Charlie, in regards to your original question, I have found it helpful at times to seek the view of one who is Jewish who has converted to faith in Christ. If they are studied in the Jewish background, they may be able to shed light on it from a Semitic angle rather than our western/gentile angle. 
You know...if we want to know what a Jewish person may have thought, ask a Jewish person.


----------



## au5t1n (Aug 28, 2009)

Bear in mind, though, that when asking a Jewish person about Jewish views of the Messiah, their views have been affected by 2000 years of living alongside and reacting to Christian beliefs. The modern Jew will deny that any divinity of the Messiah has EVER been believed among Jews, but this opinion has been shaped by two millennia of his culture reacting to the Christian belief that the Messiah is fully God and fully man.

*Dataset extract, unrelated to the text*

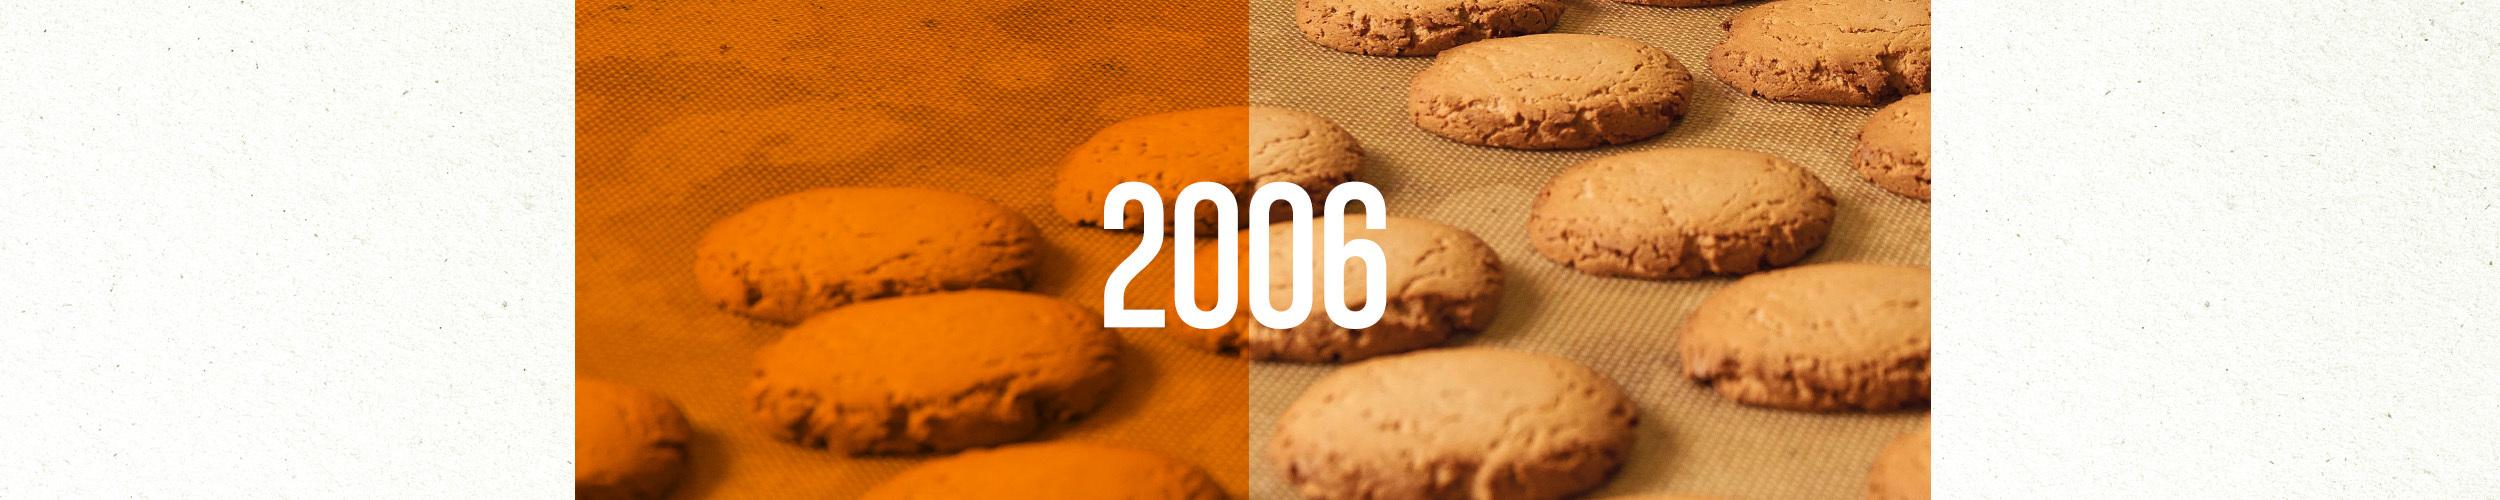 Carrousel Histoire 2006

-----Added 8/28/2009 at 10:14:41 EST-----

Ultimately, I think that the Jews of Christ's time had a higher view of the Messiah, but they didn't believe Jesus could be it, for various reasons, so his statements were counted blasphemous. Also, I doubt they would have had a fully formed idea of incarnation. The idea that the Messiah might be God in human form would have been a little much. But did they have some notion of his divinity? I think so. Many of the prophecies the Pharisees considered messianic gave very clear hints of his divine status - e.g. David called him "My Lord," and they acknowledged that this was indeed a messianic prophecy because Jesus quotes it to them as proof, clearly indicating they already believed it was a reference to the coming Messiah.


----------